What is a stream? A stream is a continuous, potentially never-ending sequence of records arriving over time. Think about a user browsing a website — every page view, every click, every scroll is an event being produced. One after another, in real time. There’s no natural “end” to this — as long as the user is active, events keep coming. That’s a stream. 什么是流? 流是一个连续的、可能永无止境的记录序列,随时间推移不断到达。想象一下用户浏览网站的过程——每一次页面浏览、每一次点击、每一次滚动都是一个产生的事件。它们一个接一个地实时发生。这没有自然的“终点”——只要用户处于活跃状态,事件就会源源不断地产生。这就是流。

What is batch processing? Batch processing means taking a finite, bounded collection of data and processing it all at once. Instead of reacting to each event as it arrives, you collect events for a period of time — say, an hour — and then run a computation over all of them together. The computation has a clear start and a clear end. 什么是批处理? 批处理意味着获取一个有限的、有界的数据集合并一次性处理。你不是在每个事件到达时就做出反应,而是收集一段时间(比如一小时)内的事件,然后对它们进行统一计算。这种计算有明确的开始和结束。

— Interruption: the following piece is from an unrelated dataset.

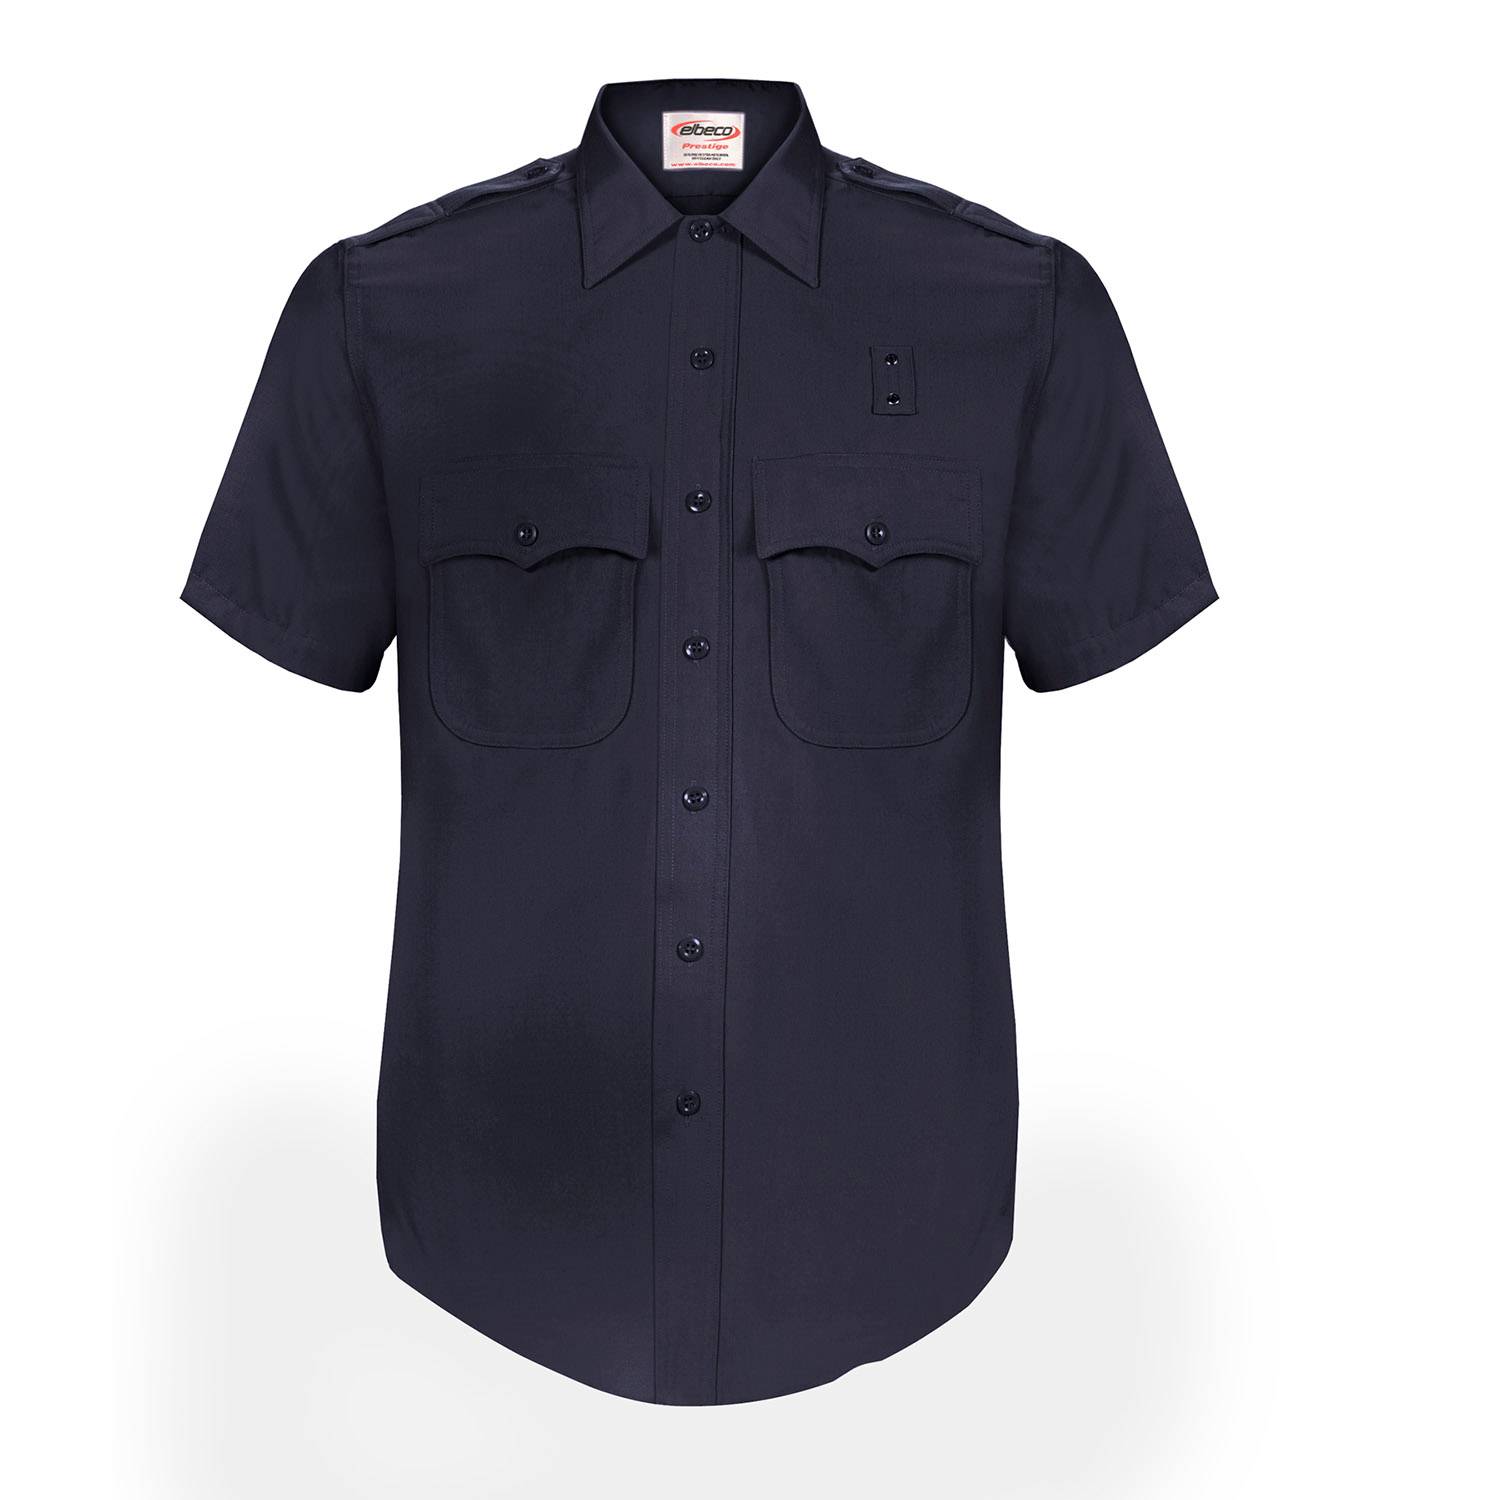 Elbeco Distinction West Coast Short Sleeve Shirt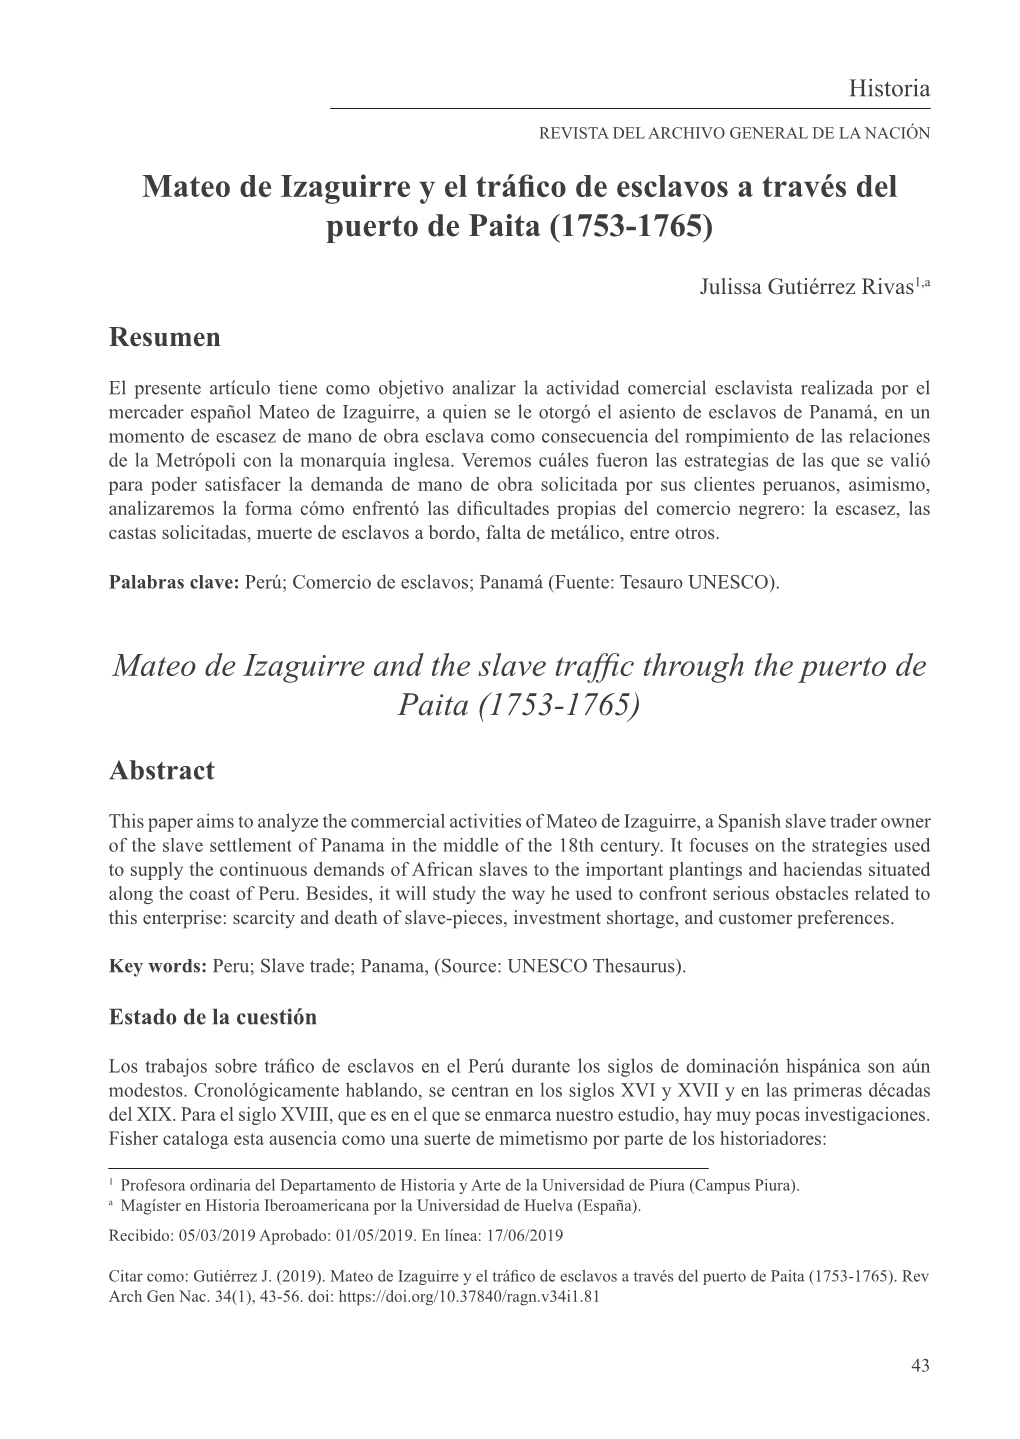 Mateo De Izaguirre and the Slave Traffic Through the Puerto De Paita (1753-1765)

Both are legitimate ways to process data. The tension between them is what Flink was built to resolve — and we’ll get there. 这两种都是处理数据的合法方式。它们之间的矛盾正是 Flink 所要解决的问题——我们稍后会讲到。

Back To The Problem: How We Actually Produce Data

回到问题:我们实际上是如何产生数据的

Let me make this concrete with an example we’ll use throughout this post. Imagine you’re building a recommendation engine — the kind that shows users “you might also like these” based on what they’ve been viewing. To do this well, your system needs to know things like: What has this user been clicking on in the last few minutes? What items are trending right now across all users? Which products did this user view but not purchase in the last session? 让我用一个贯穿全文的例子来具体说明。想象一下你正在构建一个推荐引擎——那种根据用户浏览记录向其展示“你可能也喜欢这些”的系统。为了做好这一点,你的系统需要知道:该用户在过去几分钟内点击了什么?目前所有用户中哪些商品是热门的?该用户在上次会话中浏览了哪些产品但未购买?

Now, where does that data come from? Every time a user opens a product page, you record an event. Every click, every purchase, every search — your application is continuously writing records that look roughly like this: 那么,这些数据从哪里来?每当用户打开产品页面,你就会记录一个事件。每一次点击、每一次购买、每一次搜索——你的应用程序都在持续写入大致如下的记录:

{ "user_id": "u-8821", "item_id": "p-443", "event_type": "view", "timestamp": "2024–03–10T14:32:01Z" }
{ "user_id": "u-1042", "item_id": "p-117", "event_type": "purchase", "timestamp": "2024–03–10T14:32:03Z" }
{ "user_id": "u-8821", "item_id": "p-501", "event_type": "click", "timestamp": "2024–03–10T14:32:07Z" }

One record every few seconds for every user, across millions of concurrent users, continuously. That’s your data. Not a file. Not a table that refreshes once a day. A stream — an ongoing, never-ending sequence of events that describes what your users are doing right now. 对于数百万并发用户中的每一位,每隔几秒就会产生一条记录,持续不断。这就是你的数据。它不是一个文件,也不是一个每天刷新一次的表。它是一个流——一个描述用户当前行为的、持续不断的事件序列。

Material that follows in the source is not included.